In light of the major media attention given to Geoffrey Hinton’s resignation from Google, this is a really amazing interview with Yoshua Bengio, who shared the Turing Award w/ Hinton, along with pop-sci media darling Max Tegmark and Tawana Petty of the Algorithmic Justice League and formerly Data for Black Lives:

I strongly recommend this to my fellow GOATs who are interested in both AI’s technical promise as well as its ethical implications, particularly the part around the 20 min marker where Petty calls out the way women researchers and people of color have been sounding the alarm for years, only to be silenced (and occasionally fired) by the predominantly white male leaders in the AI field.
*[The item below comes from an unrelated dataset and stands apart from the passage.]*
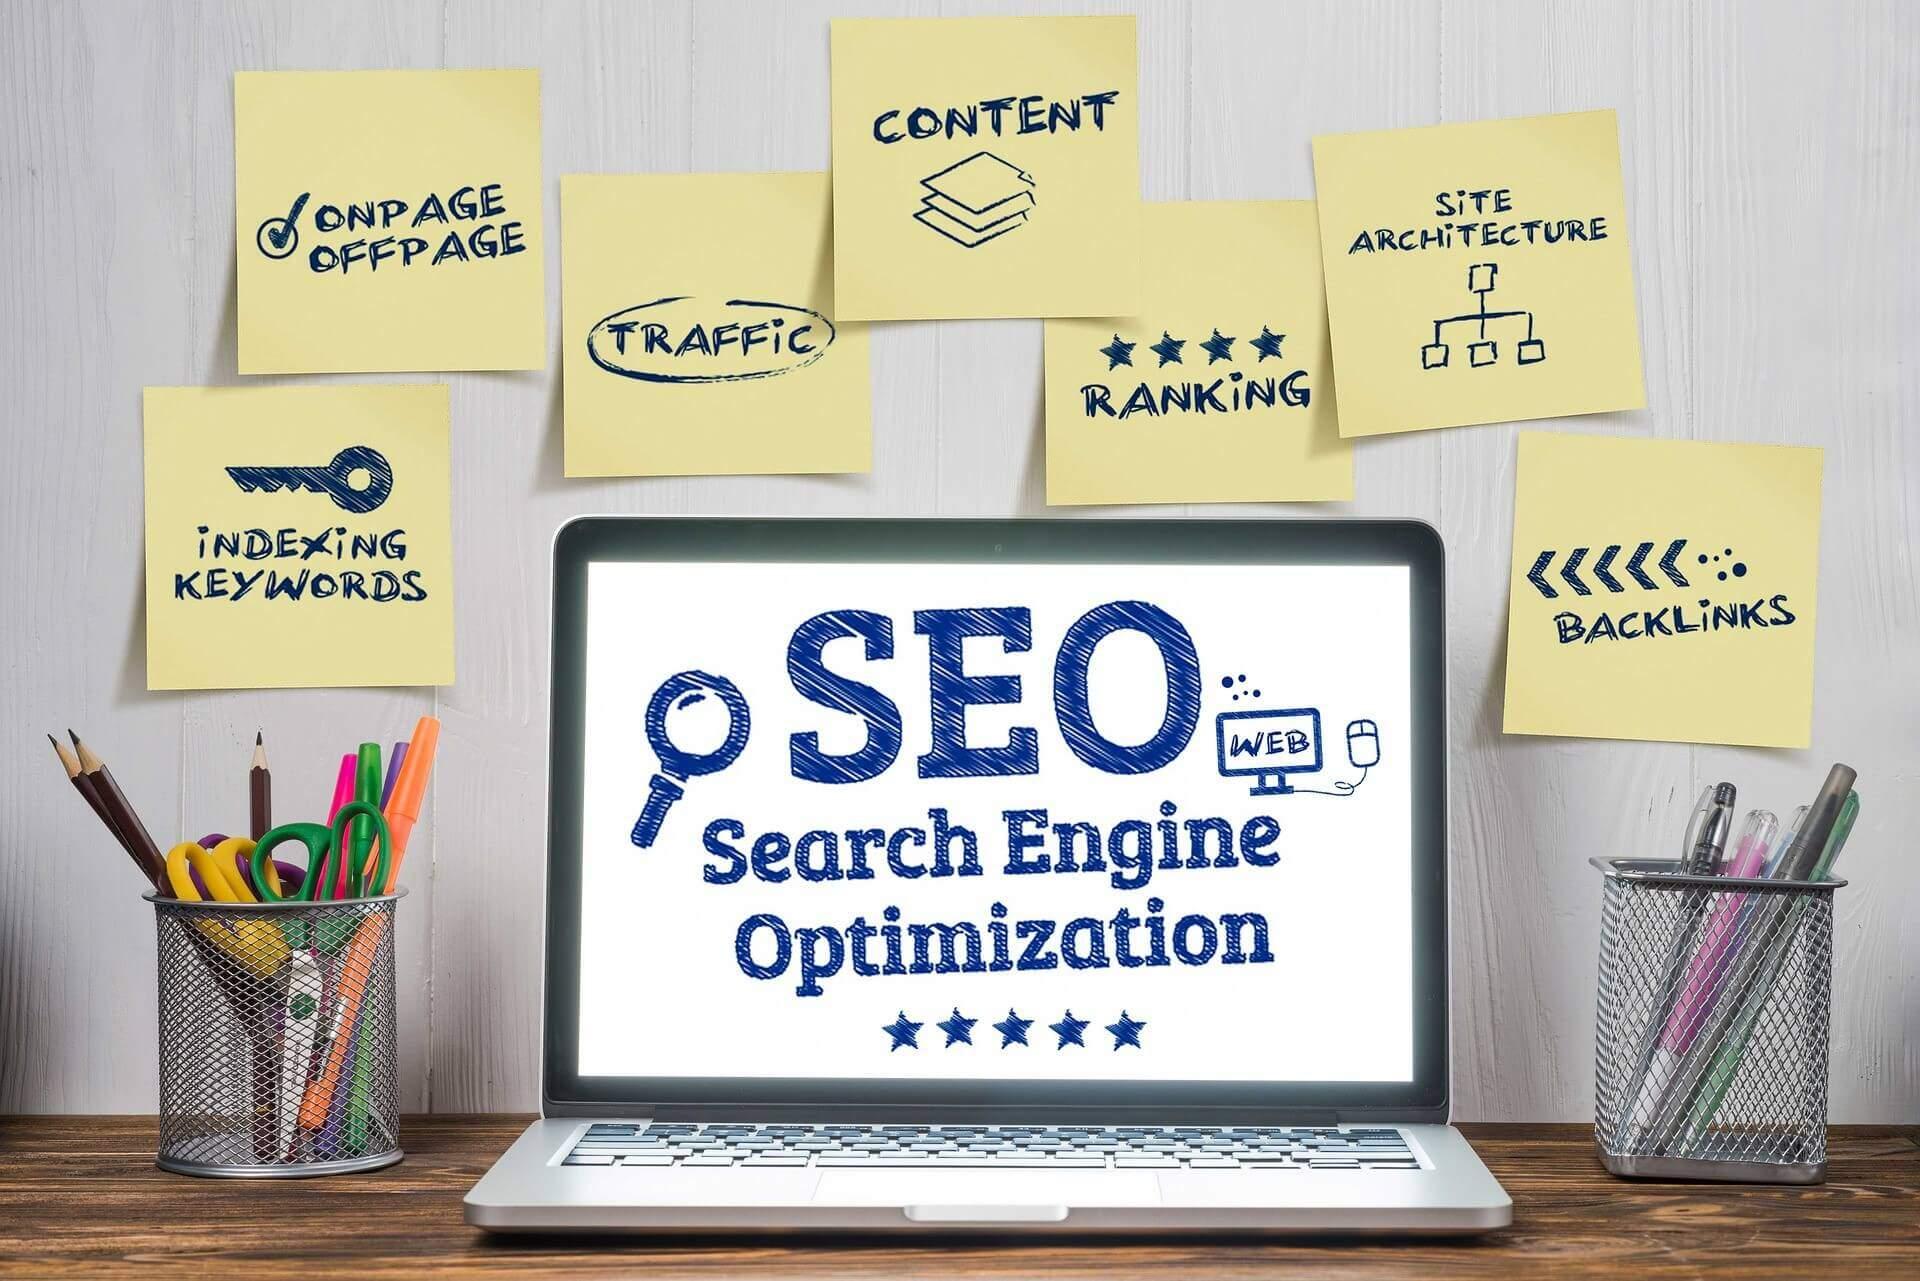 検索エンジンの仕組みとは、SEO対策のこと

After all, Hinton himself didn’t raise a finger of support for Timnit Gebru in 2020 when Google fired her for raising concerns about the negative social impacts of AI:

1 Like

“Put another way, ChatGPT seems so human because it was trained by an AI that was mimicking humans who were rating an AI that was mimicking humans who were pretending to be a better version of an AI that was trained on human writing.”

1 Like

There was a very good In-Depth today on IC-FOODS, which I recommend when the video posts to the OpenTEAM channel, but it led me to this short (4m5s) explainer video on Icicle, a related project out of OSU:

I think this could definitely pique the interest of a few folks on this thread, if you’re not already familiar.